It is therefore desirable to provide an electrolytic hydrogen production and steam supply energy storage mechanism to solve the above-mentioned problems.
Disclosure of Invention
The utility model aims to solve the technical problems that the existing method for storing surplus electric energy generally uses methods such as pumped storage, compressed air storage and the like, and no more environment-friendly and efficient method exists when meeting the requirements of steam supply and energy storage.
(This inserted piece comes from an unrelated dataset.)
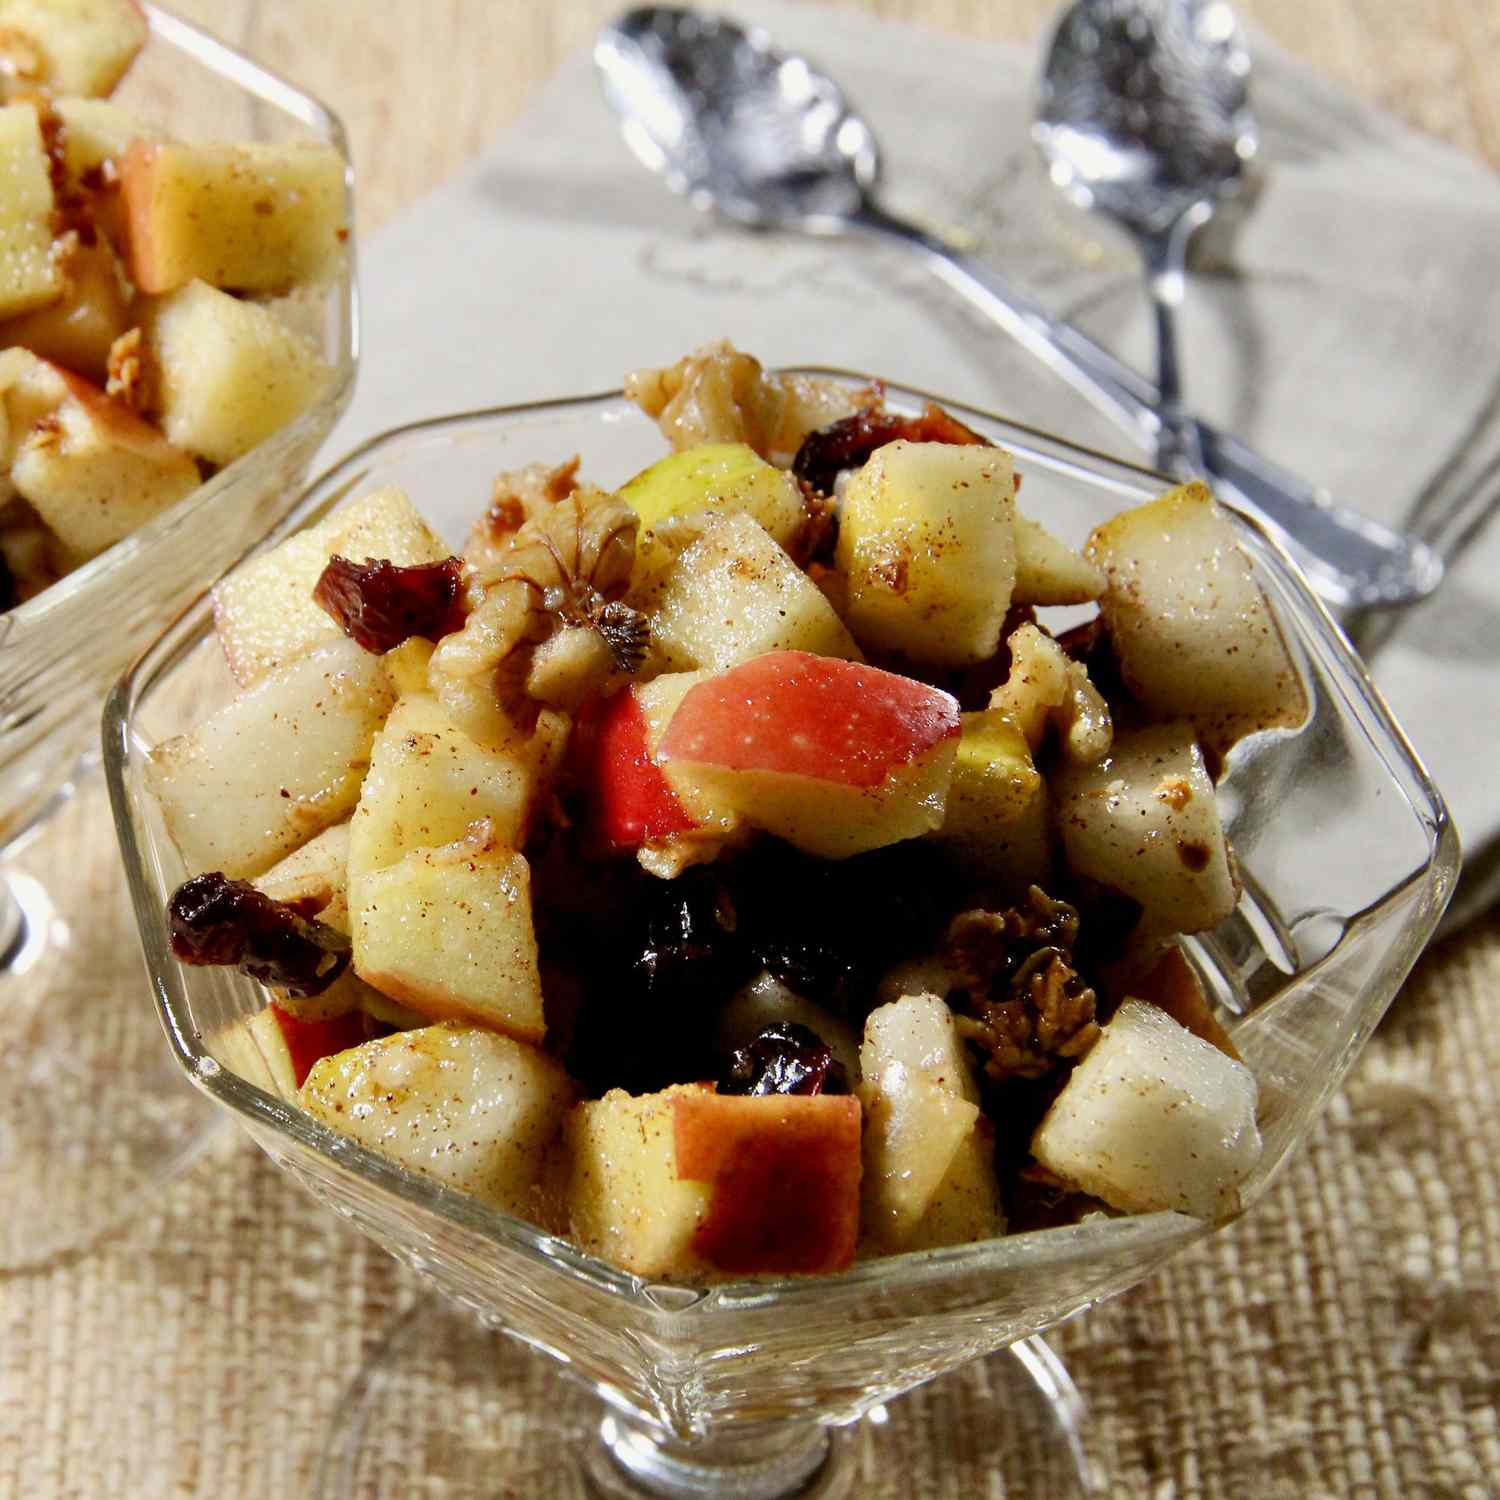 Seasonal pears and apples steal the show in this super simple fall dessert. "This is a nice fruit salad" says Allrecipes Allstar lutzflcat. "I didn't bother to peel the fruit which I think gives it better eye appeal. Do give it a little time in the fridge for flavors to meld. The granola was a nice addition!"

In order to solve the technical problems, the utility model adopts a technical scheme that: the utility model provides an electrolytic hydrogen production and steam supply energy storage mechanism, which comprises an electrolytic mechanism, wherein the front end and the rear end of the top of the electrolytic mechanism are respectively provided with a drying and purifying box, and one side of each drying and purifying box is fixedly connected with a transmission pipeline;
the two conveying pipelines are fixedly connected with separation pipelines at one ends far away from the drying and purifying box, the bottoms of the two separation pipelines are provided with flow dividing valves, and one ends of the two separation pipelines are fixedly connected with a storage box;
the separation pipelines are provided with a steam supply mechanism between one ends far away from the storage box, one side of the bottom of the steam supply mechanism is fixedly connected with an impeller pump, and the output end of the impeller pump is fixedly connected with a return pipeline.
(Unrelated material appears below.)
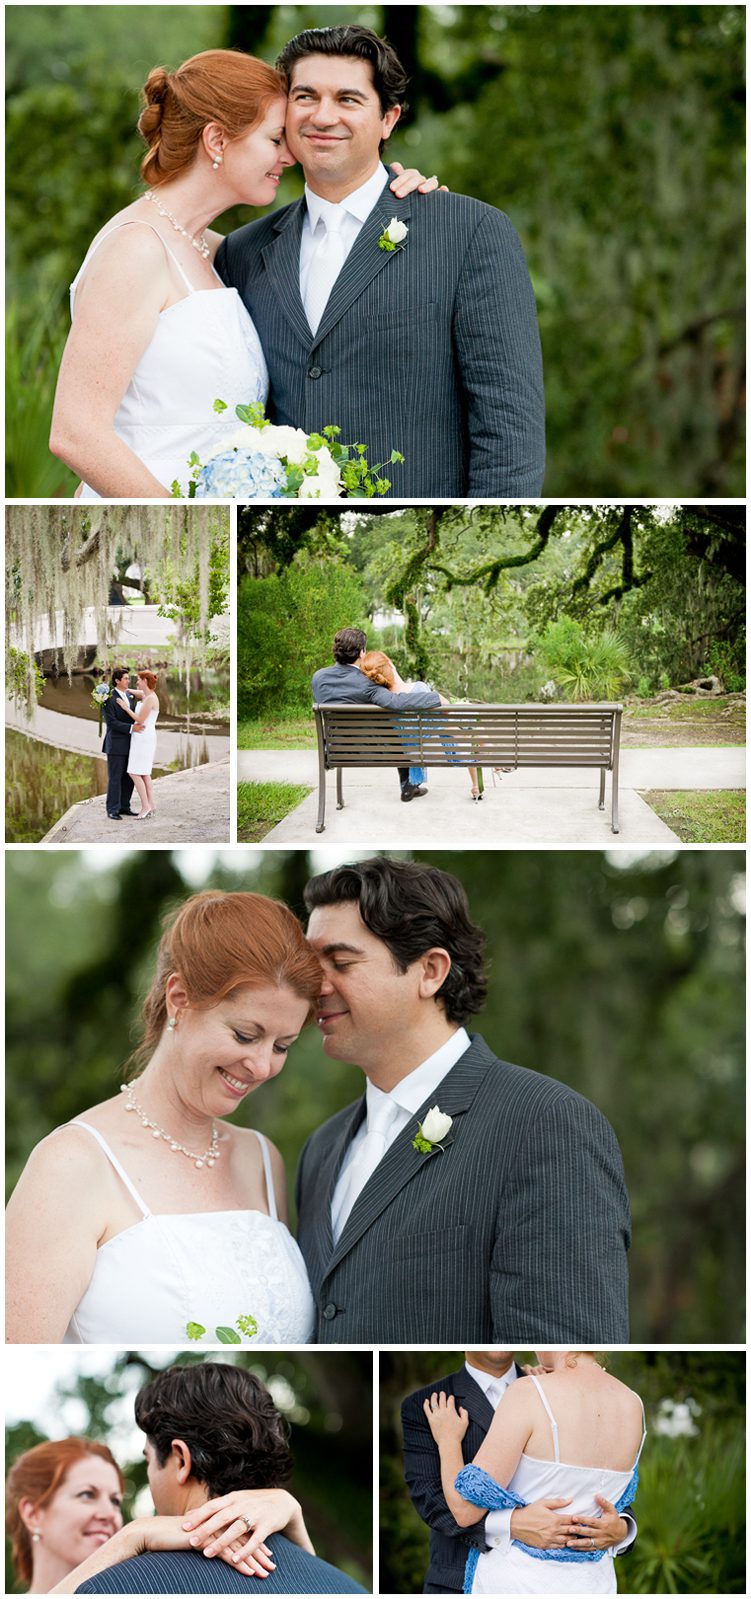 Newly married in New Orleans City Park

The utility model is further provided with: the electrolytic mechanism comprises a fixed shell, the top of the fixed shell is fixedly connected with a top cover, the front side and the rear side of the inner surface of the bottom of the fixed shell are fixedly connected with electrolytic rods, the front side and the rear side of the inner surface of the top of the fixed shell are fixedly connected with collecting covers, the tops of the two top covers are fixedly connected with output pipelines, and one side of the inner wall of the fixed shell is provided with a liquid level sensor.
Through above-mentioned technical scheme, lead to two electrolysis sticks with the surplus electric energy of electric wire netting, produce hydrogen and oxygen positive pole respectively on two electrolysis sticks and produce oxygen negative pole and produce oxygen, then accomplish the collection to oxygen and hydrogen through collecting the cover to export through the output pipeline, can real-time supervision fixed shell inside water yield simultaneously through level sensor, avoid the water level to be less than the discharge part of electrolysis stick.
The utility model is further provided with: and the top cover is respectively provided with a through hole and a water adding hole which correspond to the two output pipelines.
Through the technical scheme, the output of oxygen and hydrogen is completed through the two output pipelines, and water can be added in real time through the water adding holes.
The utility model is further provided with: the top of the electrolytic rod is higher than the bottom of the collecting cover.
Through the technical scheme, the discharge part of the electrolytic rod is ensured to be entirely inside the collecting cover, so that all the generated gas is collected by the collecting cover.
The utility model is further provided with: the steam supply mechanism comprises a mechanism shell fixedly connected with one ends of two separation pipelines, a partition plate is fixedly connected with the inner wall of the mechanism shell, and a steam supply pipeline is fixedly connected with the top of the mechanism shell.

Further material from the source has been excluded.